For this task, a YOLOv3 architecture was used, trained for thirty epochs, with default parameters. The model built achieved a mean average precision (mAP@0.5) of 56% in the test set.
A binary classifier was trained to recognize if a garbage container was either clean or dirty. This baseline model consisted in a MobileNetV2 architecture, implemented with Keras. Weights were used just as feature extractors and a fully connected layer with 1024 neurons was stacked on top of it, with ReLU as the activation function.
The Dropout mechanism was implemented with a probability of 0.5. The output layer consisted of a sigmoid-activated single neuron. Data augmentation was applied for training and testing, and early stopping was activated to avoid overfitting. With this setup, an accuracy of 82.51% was achieved in the test set.
The experiments shown below were run with exactly the same data —and dataset partition— of the previous ones already detailed, for the sake of being capable of correctly compare between every result obtained.
With Cogniflow training, an image recognition model is really easygoing. Just zip the ‘clean’ and ‘dirty’ images inside their respective train and validation folders, upload them, and let Cogniflow do its magic 🪄.
Note: To see more details about how to create an image classification solution in Cogniflow, just click here, go to “How to create an AI-based solution for content moderation using Cogniflow?” and follow the steps.
Results achieved with Cogniflow were notoriously superior, reaching accuracy and an f1-score of 90% (an 8% improvement), with a MobilenetV2 vectorizer and a Feed-Forward Neural Network (FFNN) classifier on the top. In the image below, the top four trained models are shown:
The best vectorizers and classifiers were the same as the ones selected by Laguna and Moncecchi. It was Cogniflow capability of selecting the best hyper-parameters and performing enriching data augmentations which enabled scoring almost an 8% enhancement in the accuracy. It’s worth mentioning that all this is done automatically by the tool, saving valuable time (i.e. money) and preventing the user to follow misleading model design paths and poorer data pre-processing techniques.

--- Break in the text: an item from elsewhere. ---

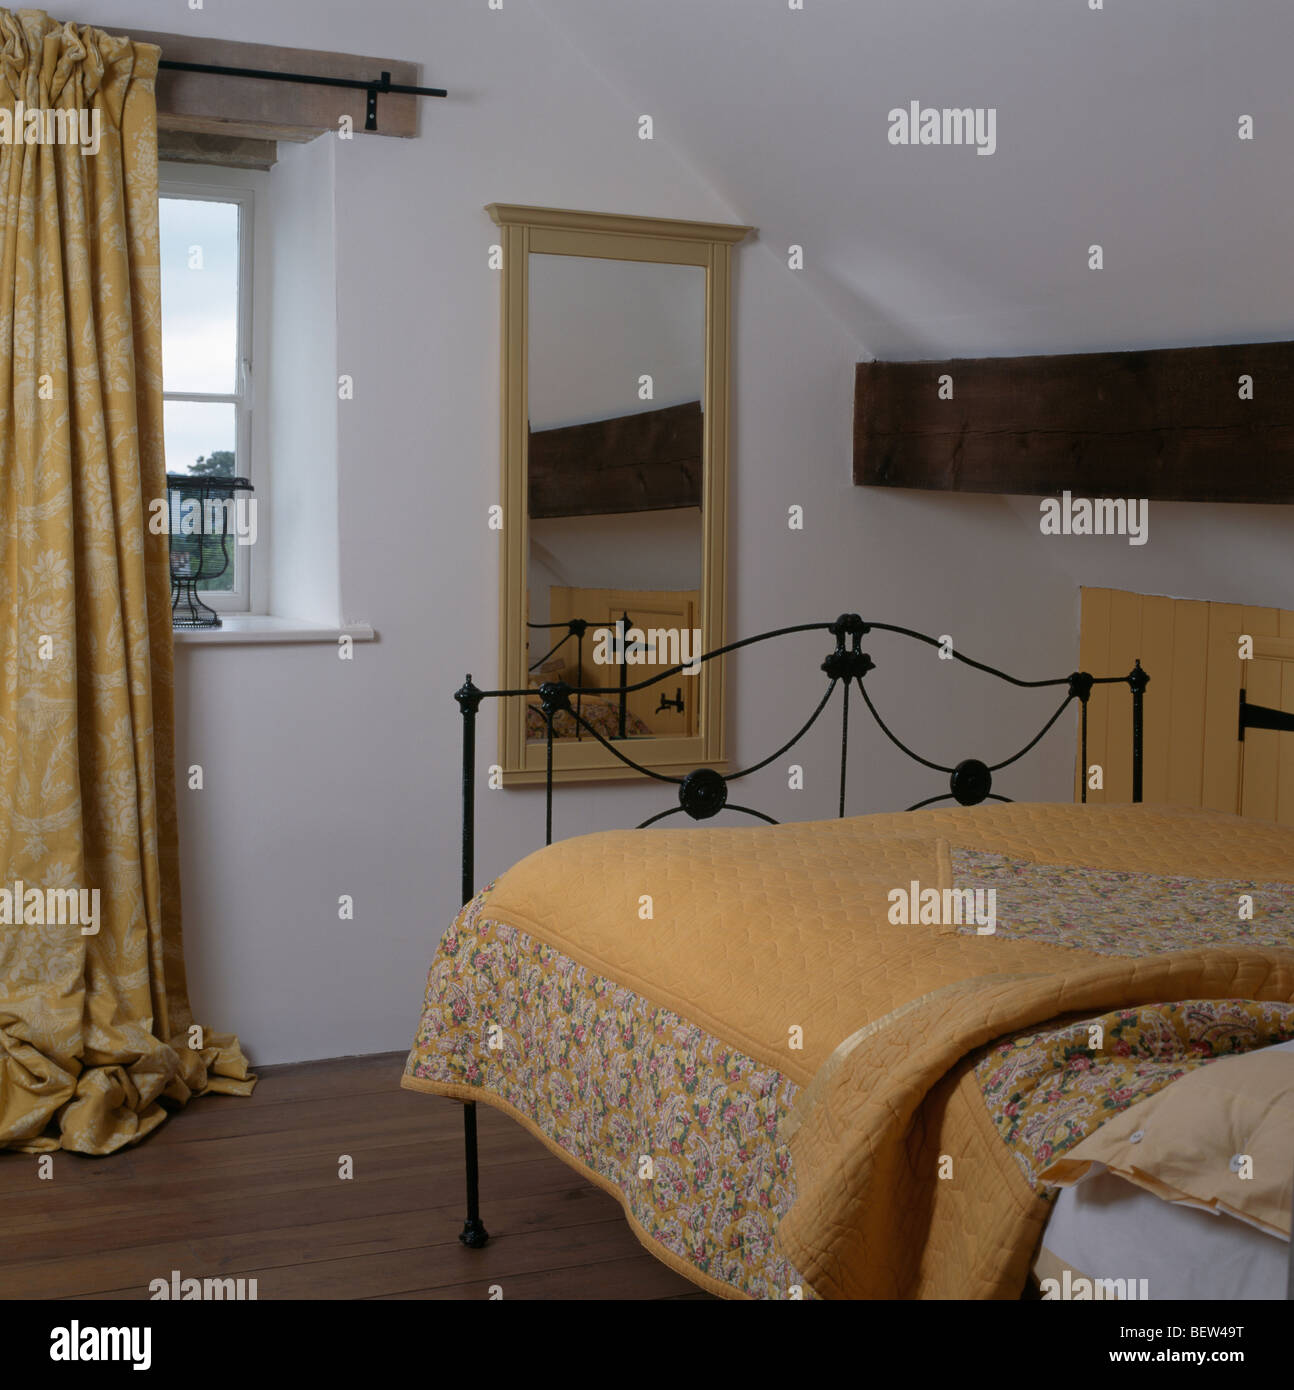 Yellow quilt on iron bed in white cottage bedroom with patterned yellow curtain at window Stock Photo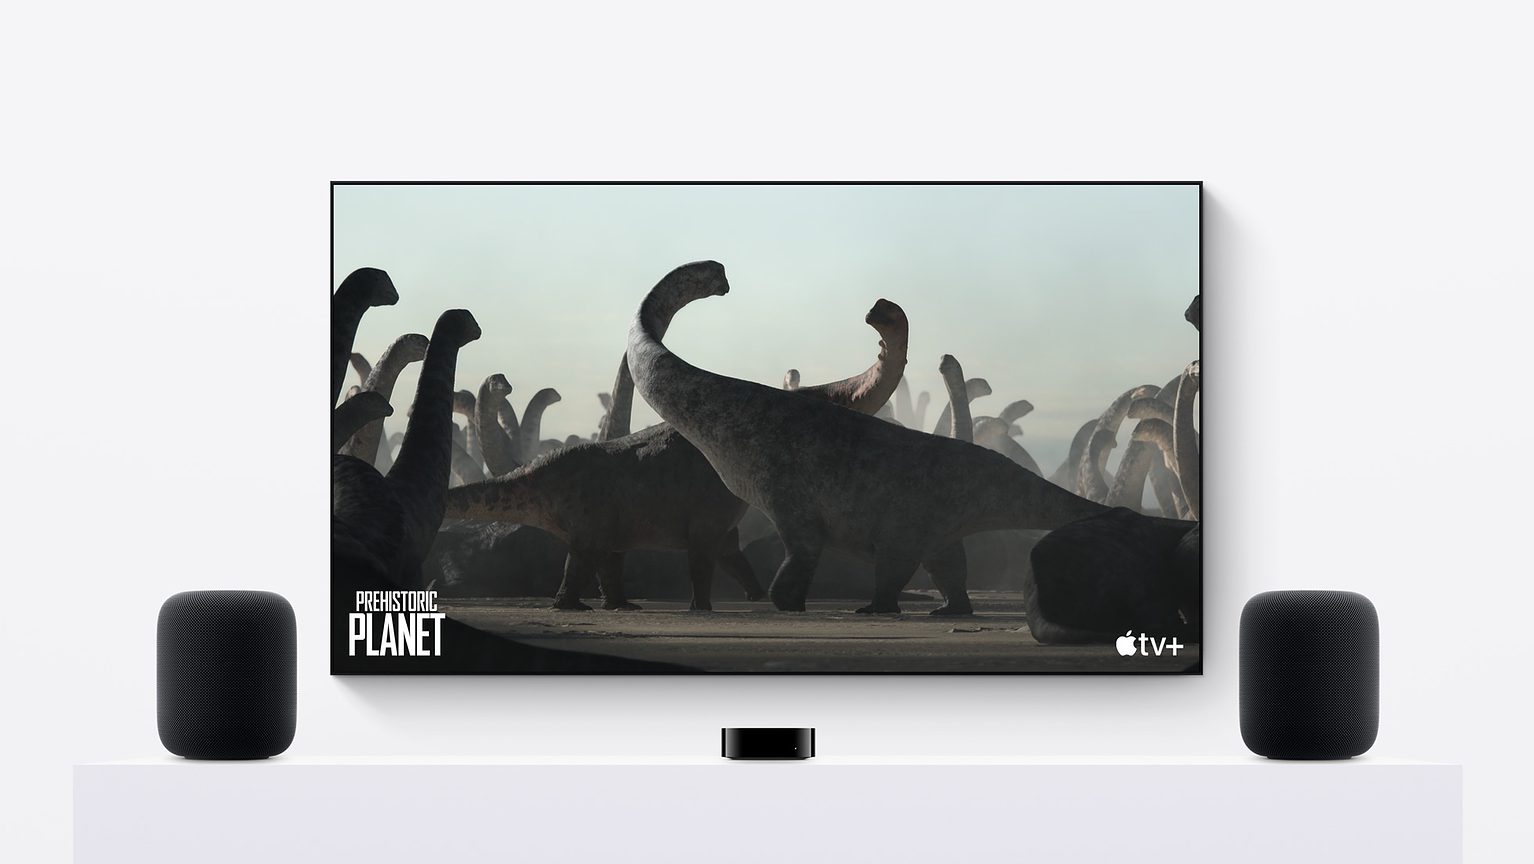 Second-generation HomePods in a stereo pair with an Apple TV 4K and a giant TV screen showing Apple TV+ dinosaur documentary

Before starting with the training, the data was converted from Pascal VOC annotation format to a YOLOv5 one. Afterward, an OD model* was trained using Cogniflow, with a default parameters setup, for one hundred epochs, which early stopped at seventy-two, achieving a mAP@0.5 of 98.5%, a 43% improvement.
*Note: the OD task is available at Cogniflow for Professional plans and beyond. See more here.
The use case described in this post is a good example of how AI can be teamed up with IoT —and soon with 5G, with more networks rolled out— to develop end-to-end, efficient Smart Cities solutions, thanks to the easy use of Cogniflow. No line of code was written in order to achieve outstanding results, no numerous, work-intensive iterations were needed and no special infrastructure had to be set up.
By leveraging the power of state-of-the-art Object Detectors and meticulously studied default parameter settings for each kind of dataset, Cogniflow can attain superior results, again, without any exhaustive effort. Just upload your data and let it do the heavy lifting.
Cogniflow accomplished an 8% improvement in the Image Recognition task and an outstanding-breathtaking 43% in the Object Detection one.
The ways Cogniflow could help solve challenges framed in the Smart Cities field are almost infinite, in areas such as image, audio (e.g. recognizing environmental sounds), and natural language processing (e.g. a Question Answering tool for tourists). Also, the work shown here could be easily adapted to also detect damaged or vandalized garbage containers, a problem which regrettably is not unknown to every major city.
Cogniflow is not only a tool to build end-to-end solutions, save time, and money and efficiently reallocate human talent for more abstract tasks, it can be key to the most important goal: improve citizens’ quality of life.